● RECORDED DATA:
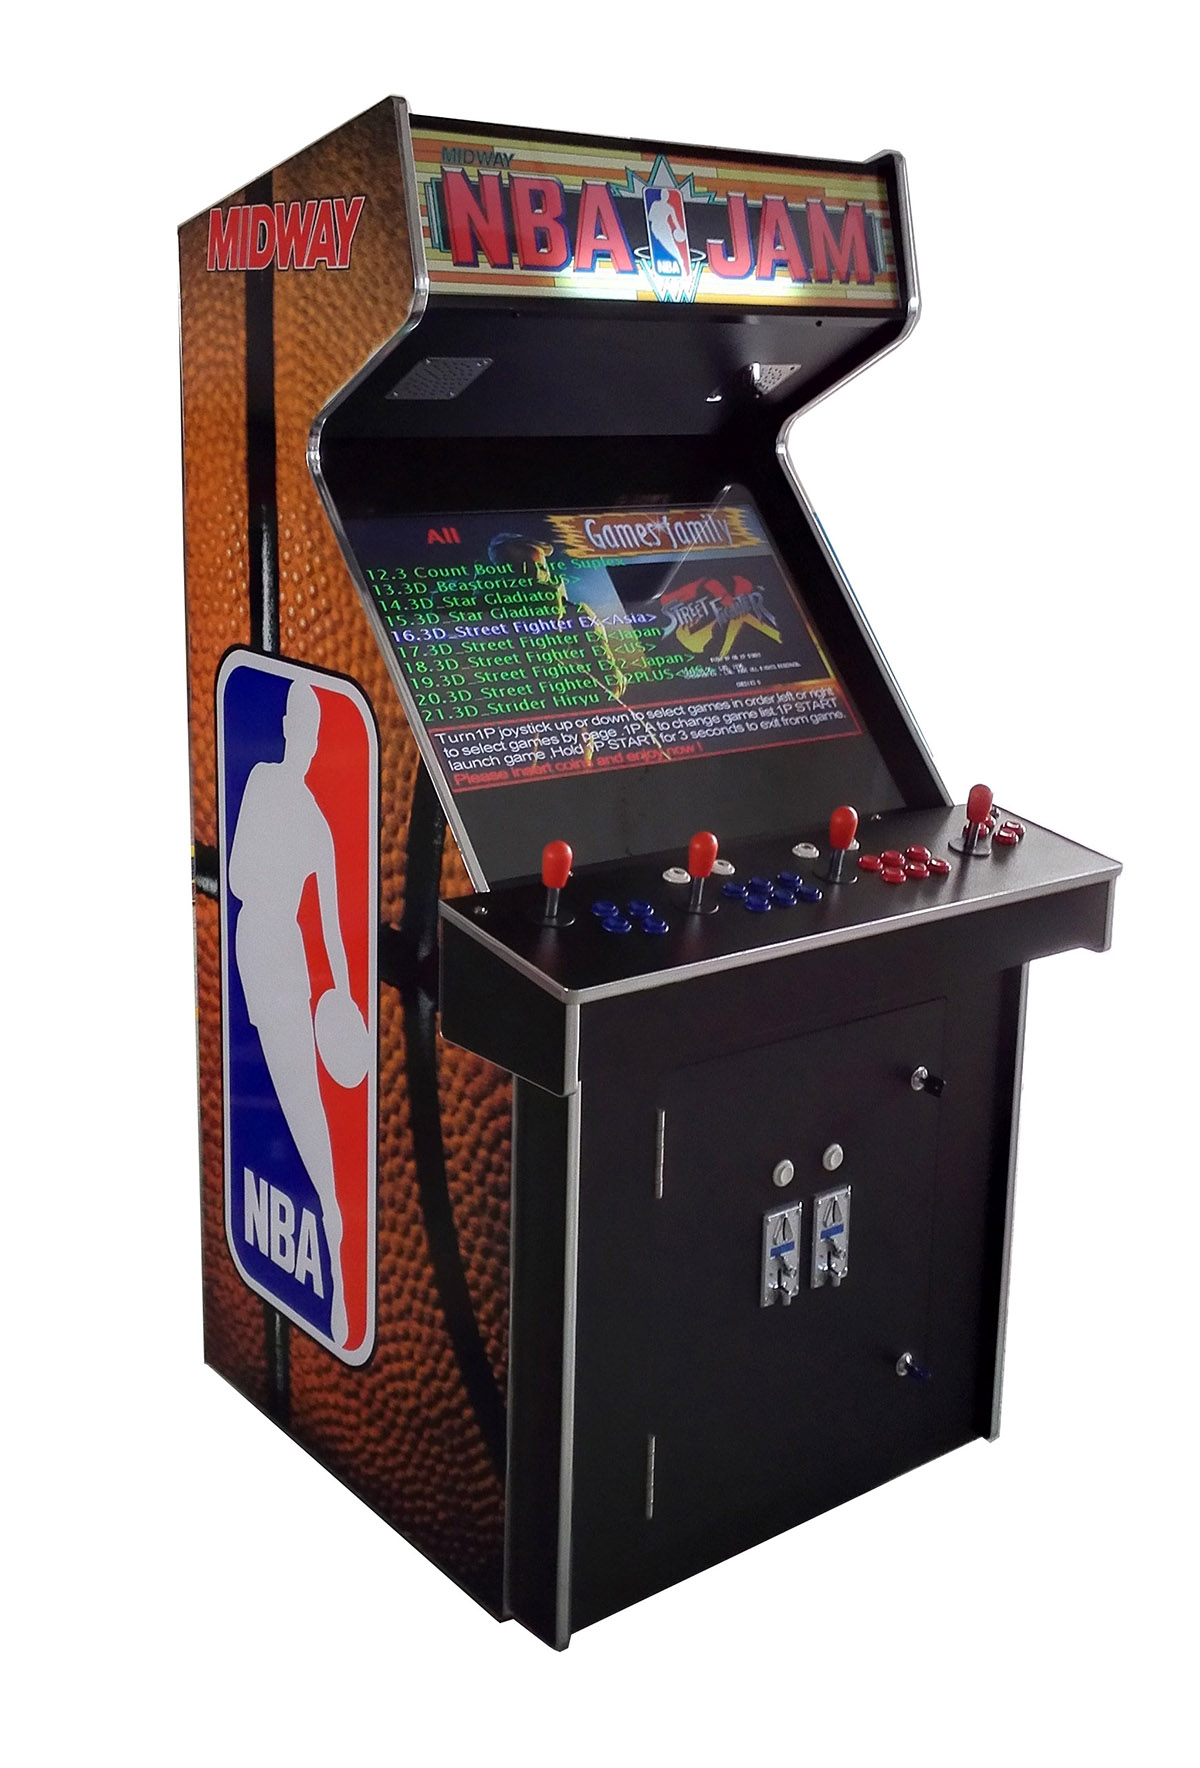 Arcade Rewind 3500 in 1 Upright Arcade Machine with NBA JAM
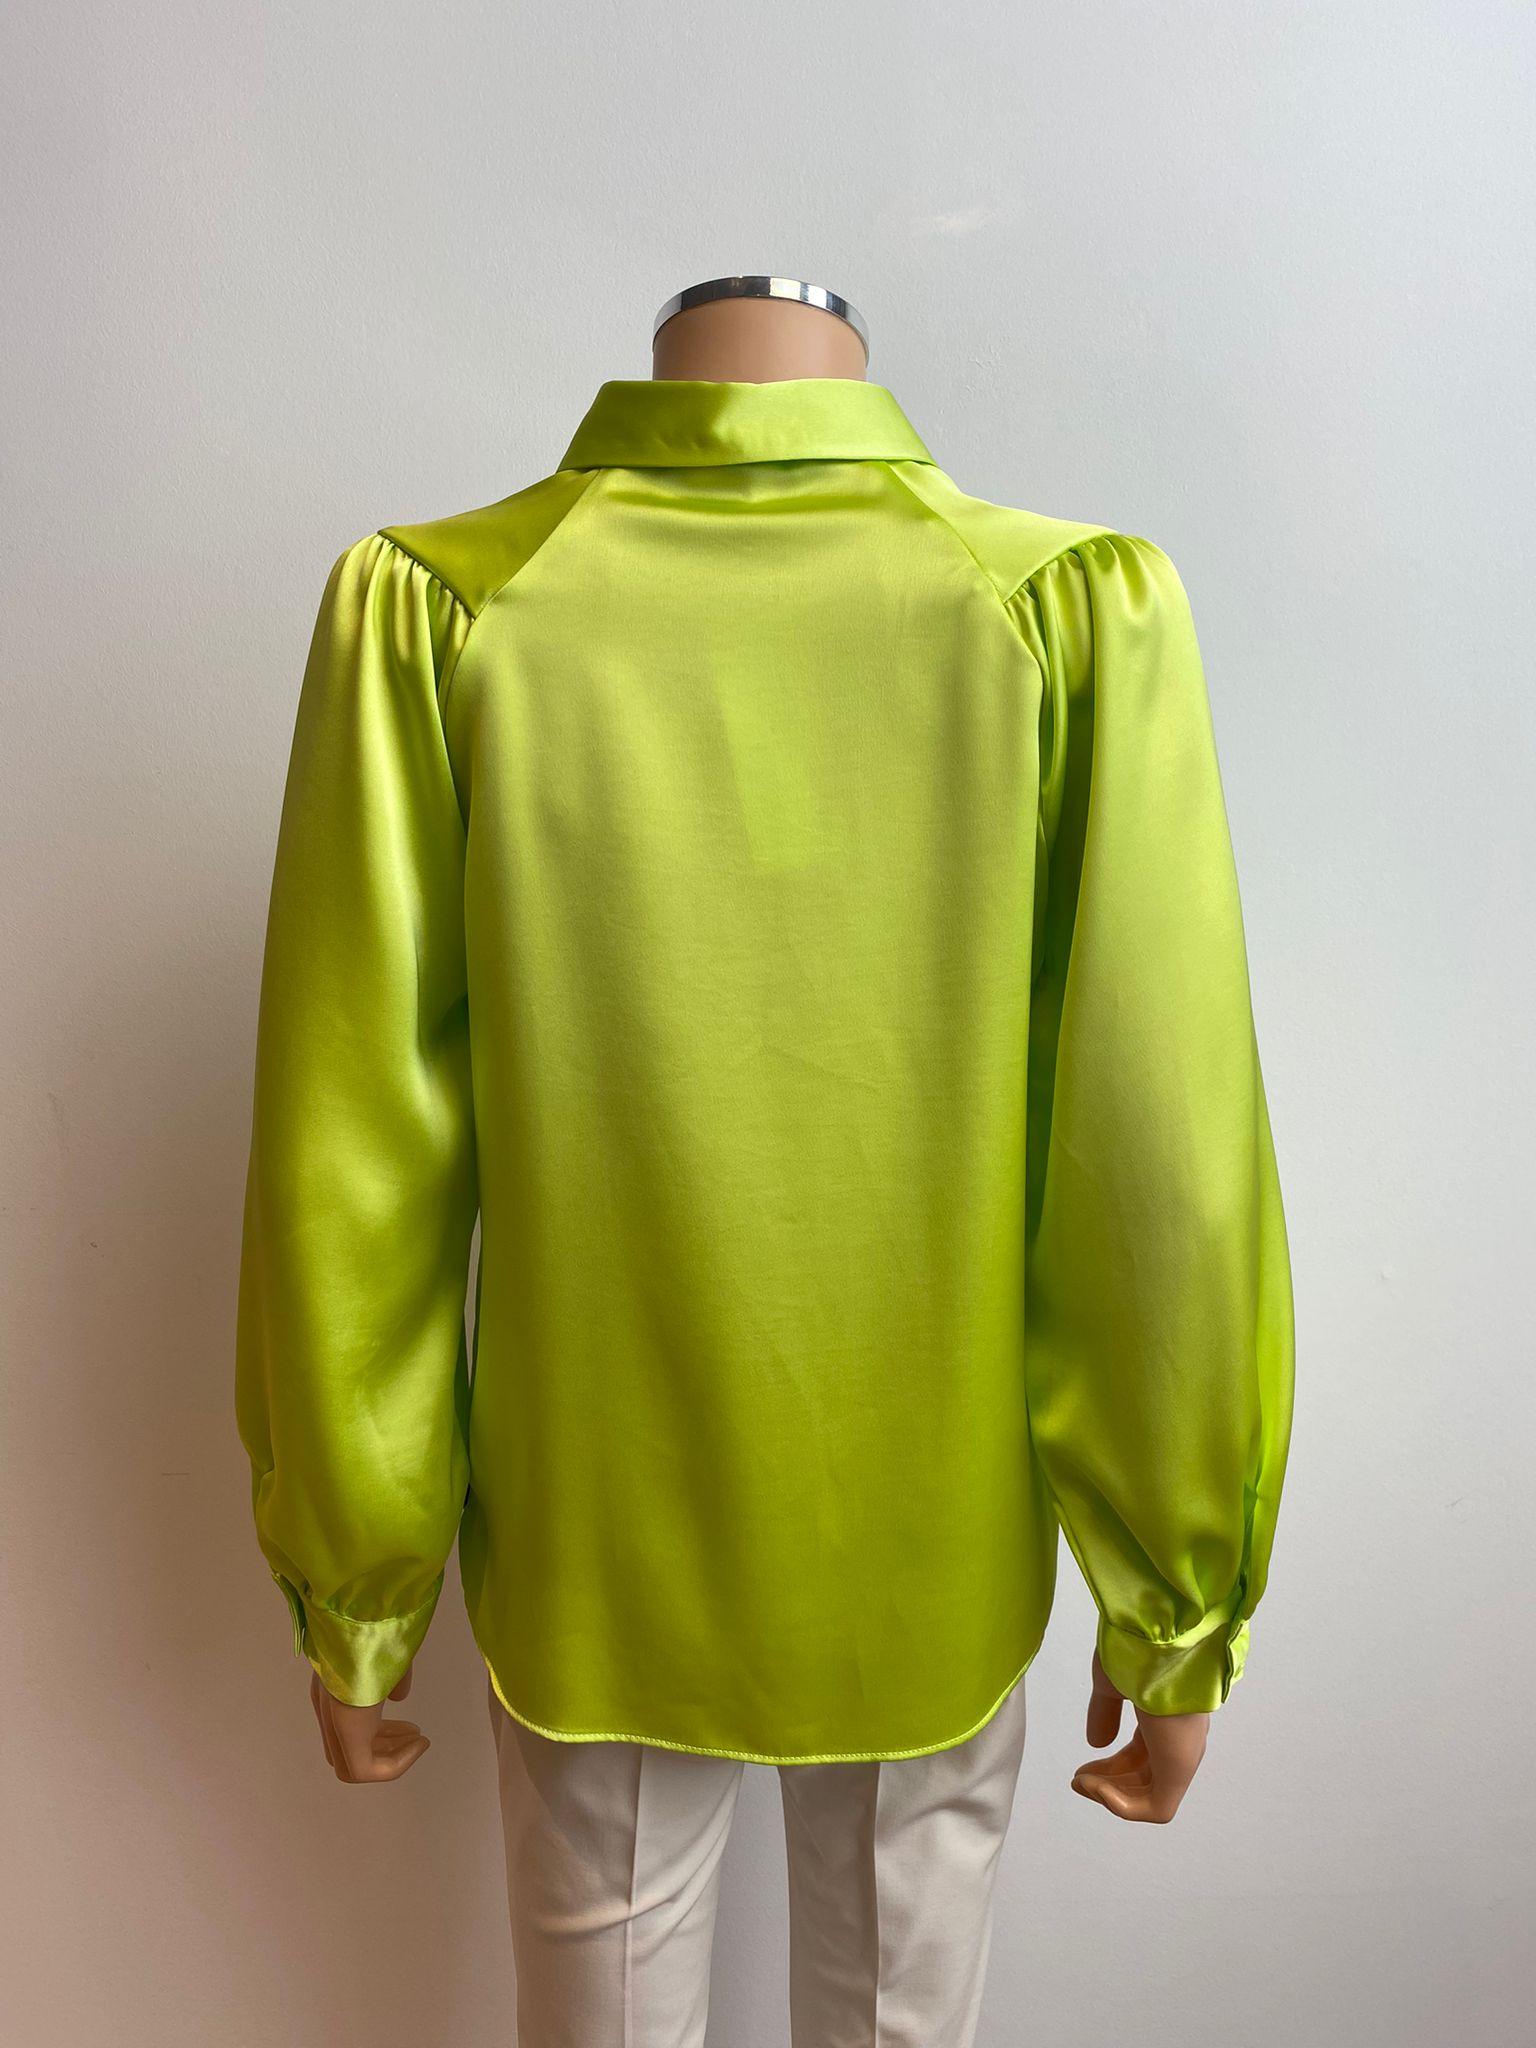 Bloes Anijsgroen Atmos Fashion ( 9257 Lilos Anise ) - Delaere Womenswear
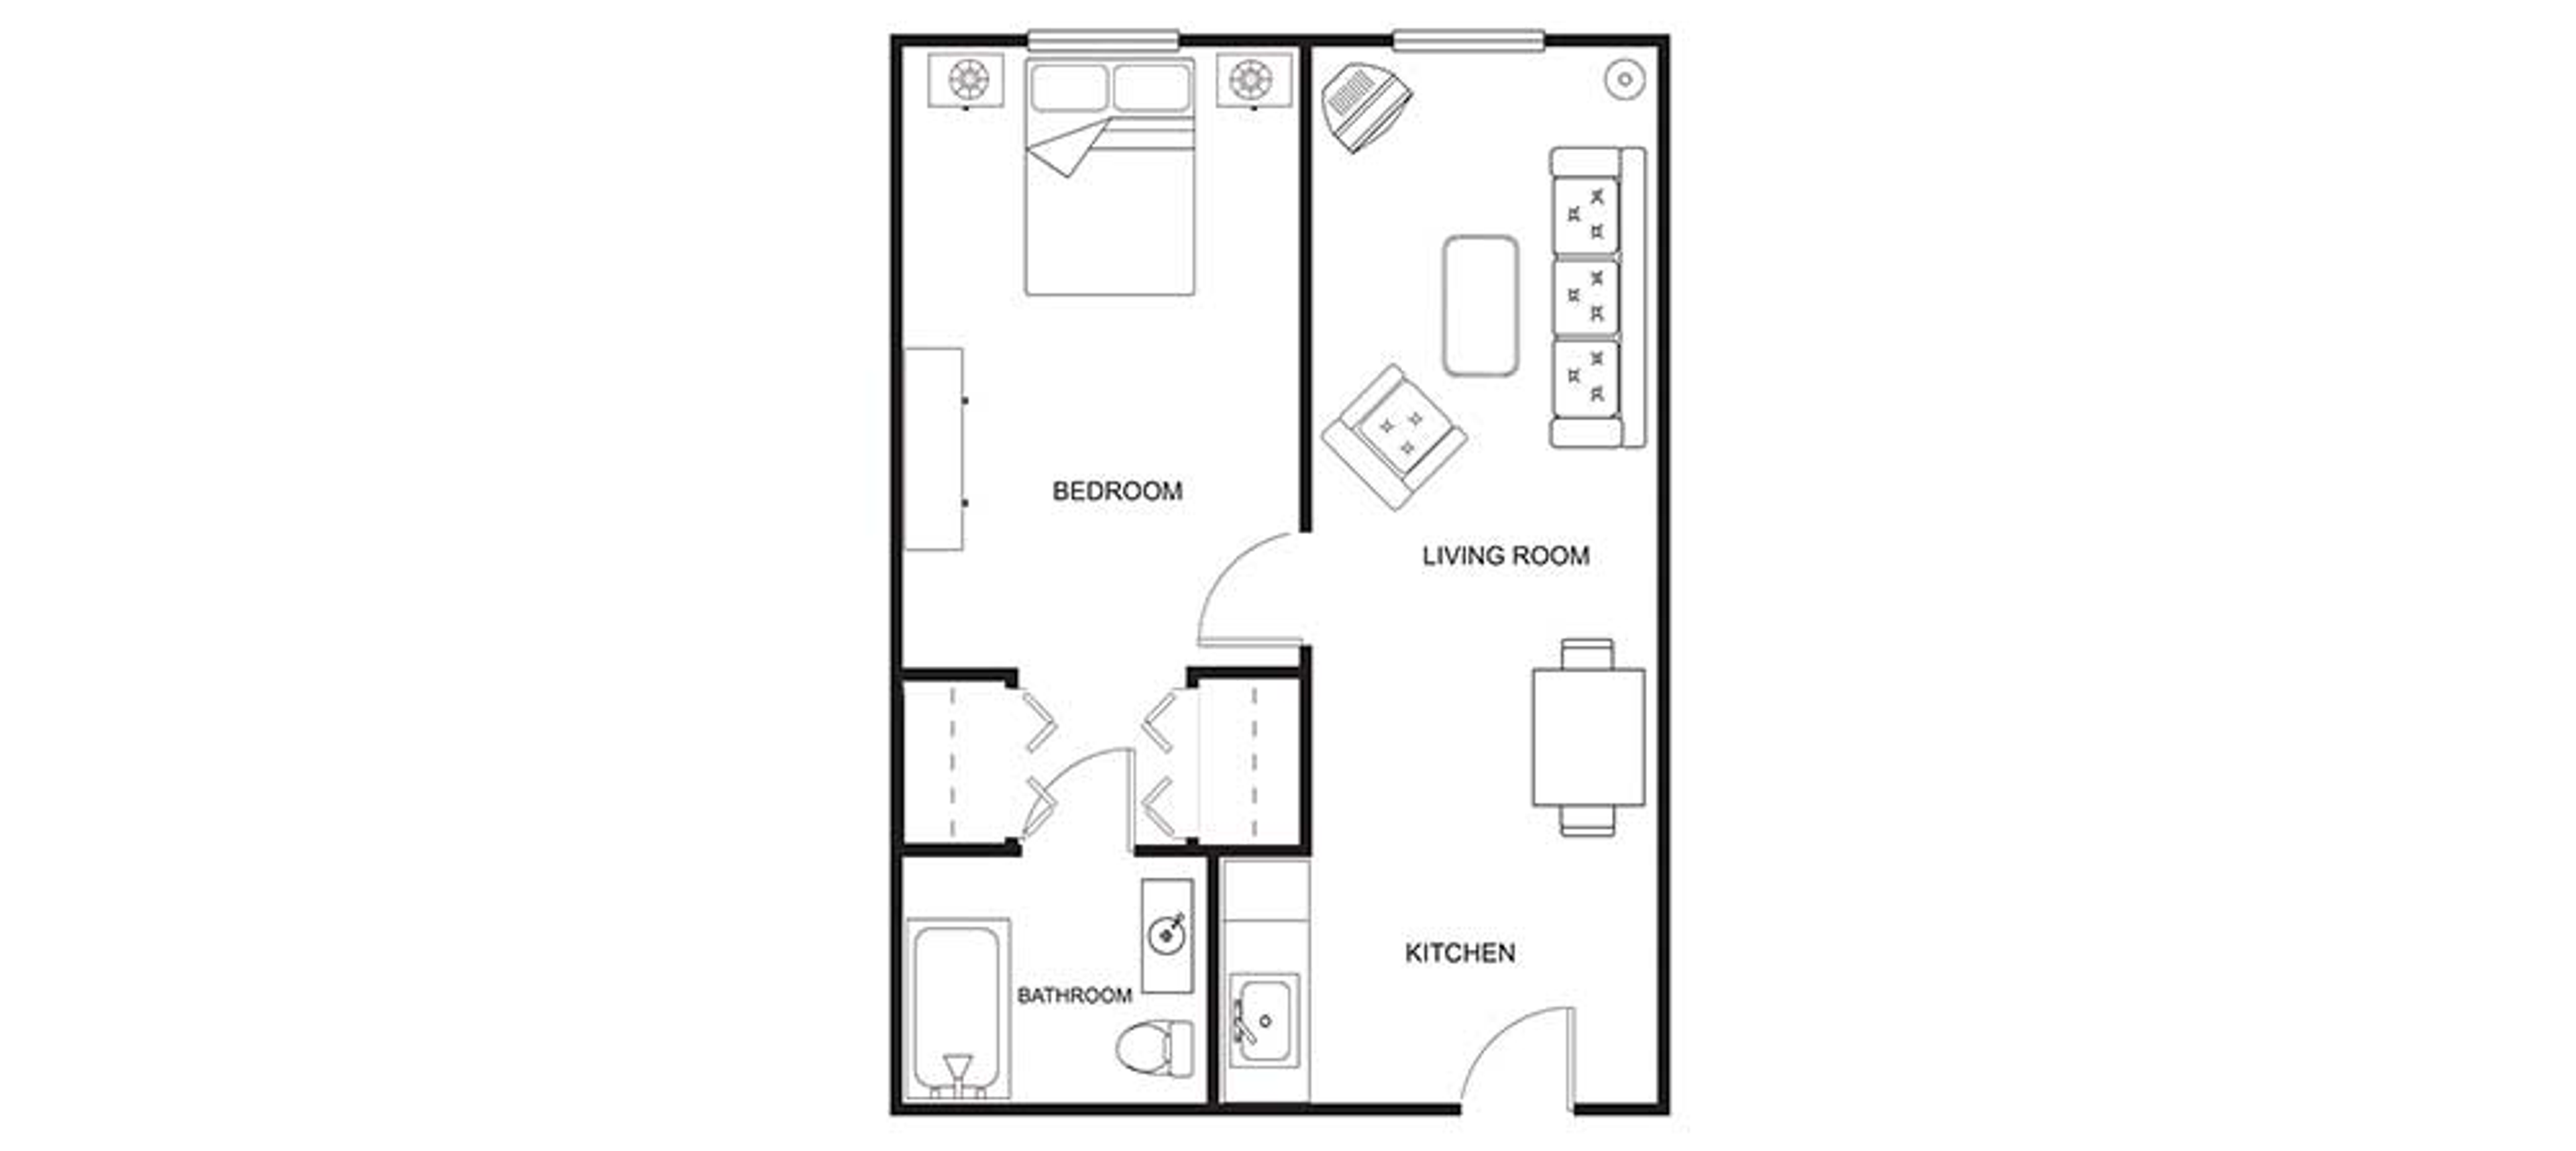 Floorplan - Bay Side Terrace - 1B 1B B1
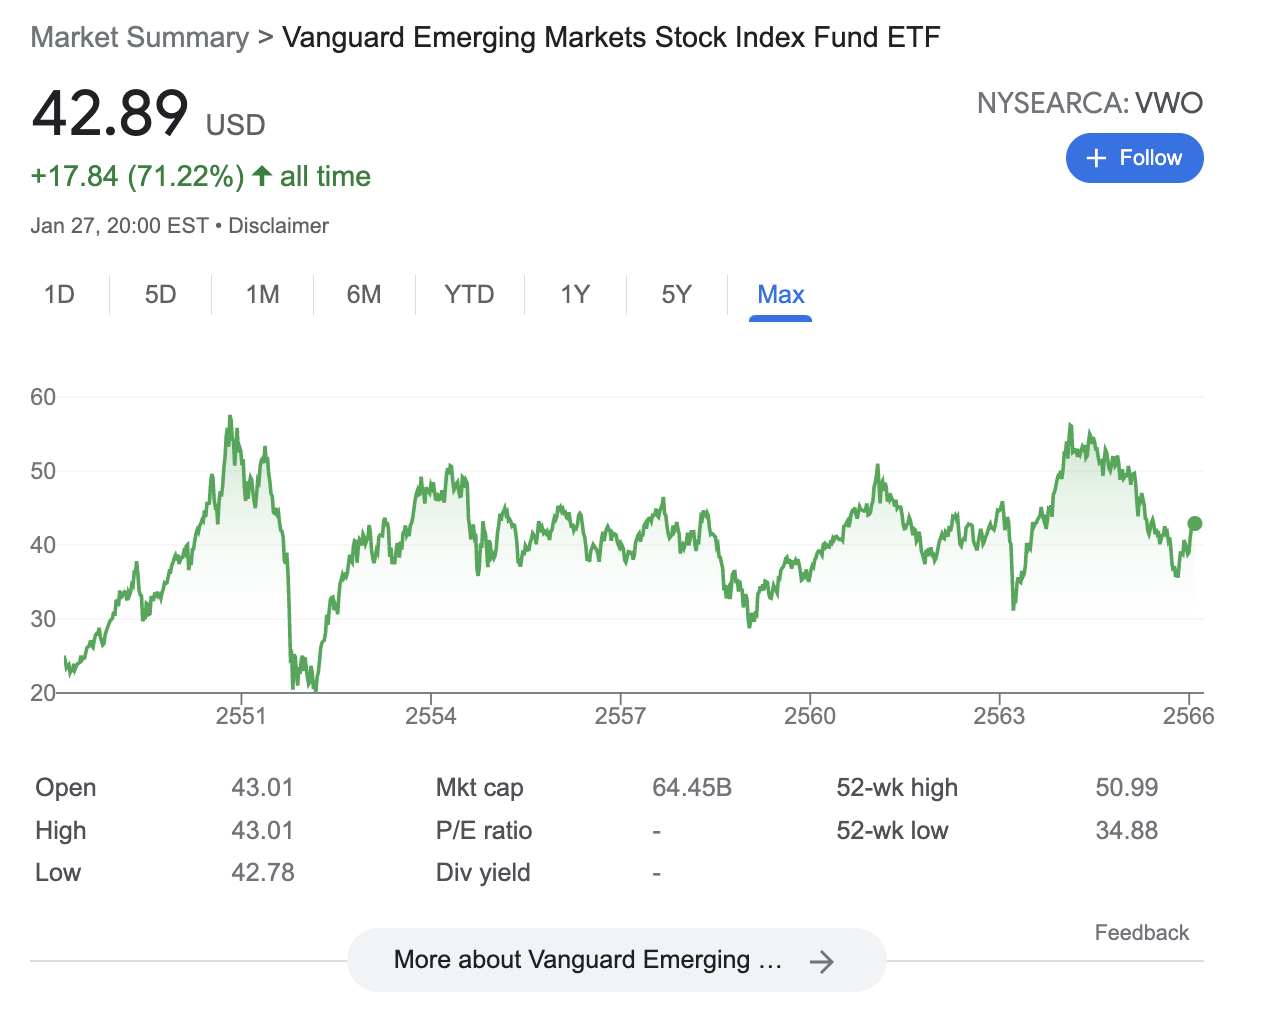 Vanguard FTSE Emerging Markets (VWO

● PROBLEM REQUIREMENTS: Your answer must be the lines from the one containing "Bloes Anijsgroen Atmos" through the last line of the listing above, restated word for word, with no pictures.

● RESULT OF THE TASK:
 Bloes Anijsgroen Atmos Fashion ( 9257 Lilos Anise ) - Delaere Womenswear
 Floorplan - Bay Side Terrace - 1B 1B B1
 Vanguard FTSE Emerging Markets (VWO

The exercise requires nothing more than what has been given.